播種と一言でいっても、土壌の質によって耕起や畝立ての要不要、適した耕深なども異なります。また、種の性質によっても覆土の要不要、適した深さや株間、鎮圧するかしないかなどの違いがあります。
播種機の導入に当たっては、まず作型やほ場の環境、播種方法に対応しているかどうかを確認することが重要です。

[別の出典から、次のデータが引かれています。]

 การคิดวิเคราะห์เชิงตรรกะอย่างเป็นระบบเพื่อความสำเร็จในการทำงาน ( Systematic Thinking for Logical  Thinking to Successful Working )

そのうえで、「耕起や施肥など複数の作業を同時に行える」「輪作することが多い水稲・麦・大豆すべてに対応できる」などの省力化・低コスト化機能を加味して選ぶとよいでしょう。
麦・大豆の主な播種方法とその特徴
nobmin /PIXTA(ピクスタ)
まずは、麦・大豆栽培で行われている主な播種方法をまとめます。そのうえで、それぞれの方法に適した播種機を紹介します。
耕うん同時畝立て播種
「耕うん同時畝立て播種」は、大豆、麦ともに水田転換畑のような排水性があまりよくないほ場での播種に向いています。地下水位が高く排水が悪いほ場でも、畝上に播種すれば湿害を防いで、収量・品質の向上も期待できます。
耕起、畝立てと播種をそれぞれ行うのは多大な労力と時間がかかります。それらを一度に行えるのが、耕うん同時畝立て播種です。

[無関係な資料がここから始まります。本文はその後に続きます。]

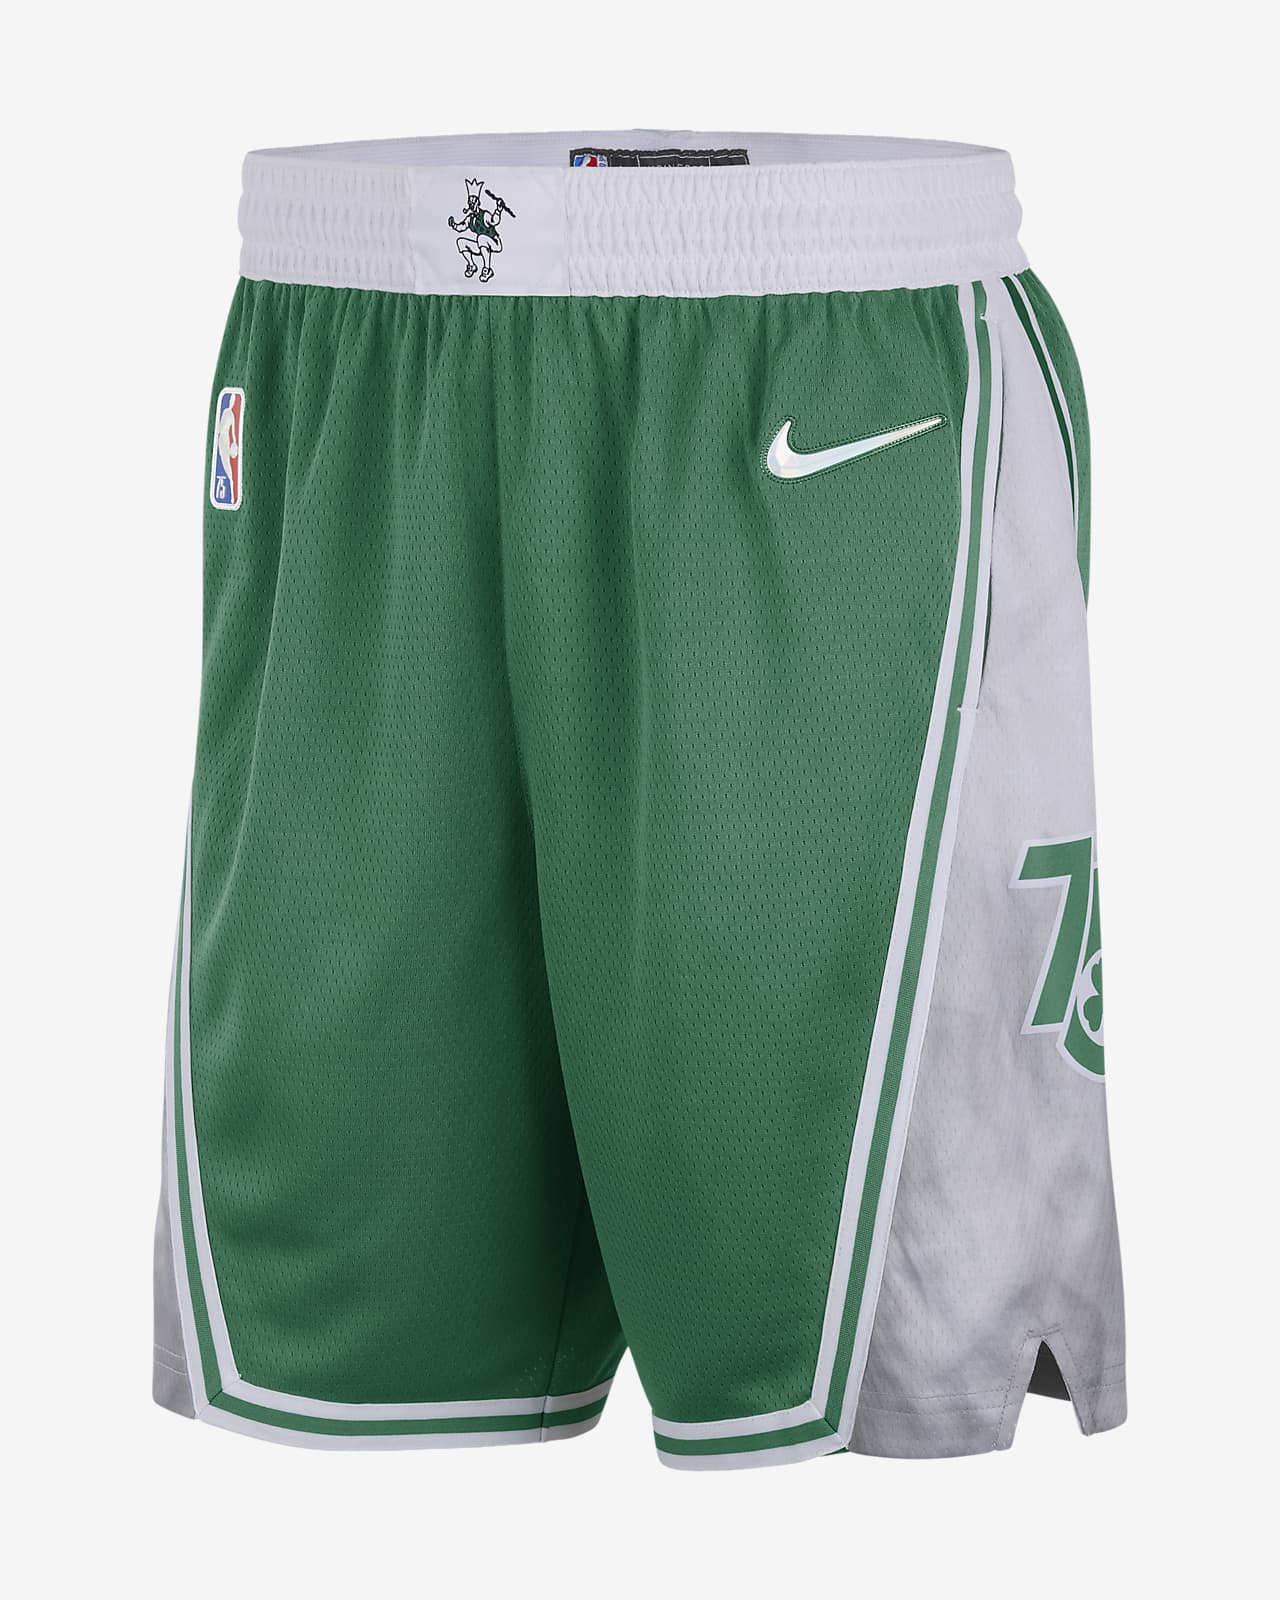 Boston Celtics City Edition Pantalón corto Nike Dri-FIT Swingman de la NBA - Hombre

作業は、逆転ロータリの爪の配列を変更し、耕起や整地作業をしていないほ場でも、高さ10~15cm程度の畝を立てながら耕うんと播種を同時に行います。爪の配列によって、1台で平高畝と単条畝のどちらも成型することができます。
播種機には通常、同時施肥機構が付いているため施肥も一工程で済ませることが可能で、播種に必要な作業を大幅に省力化できます。
また、砕土性に優れるホルダー型アップカットロータリによる耕うんのため、重粘な土質の土壌や、降雨直後のほ場環境でも作業でき、砕土率が高い点も特徴です。
作業機幅170cmの5条用、220cmの8条用など、耕うん幅の異なるロータリが市販されており、全国各地で普及が拡大しています。
不耕起播種
ふうび / PIXTA(ピクスタ)
近年、耕起を省略する不耕起栽培技術の開発が進み、それに伴い「不耕起播種」も広まっています。不耕起栽培は中耕や培土も含め一切耕起をせずに栽培する技術で、水田輪作による水稲・大豆・麦類の栽培で高い省力効果が得られます。
この方法が適用できるのは関東・東海・中国地域で、耕うんによって表面にクラスト(土膜)ができるカオリン系の土壌に向いています。
また、堆肥のすき込みなどを行わないため、前作で十分に施肥をし、土壌構造がある程度発達したほ場でないと十分な効果が期待できません。なお、この栽培方法の主目的は省力化であり、収量は慣行栽培よりもやや劣る点には注意が必要です。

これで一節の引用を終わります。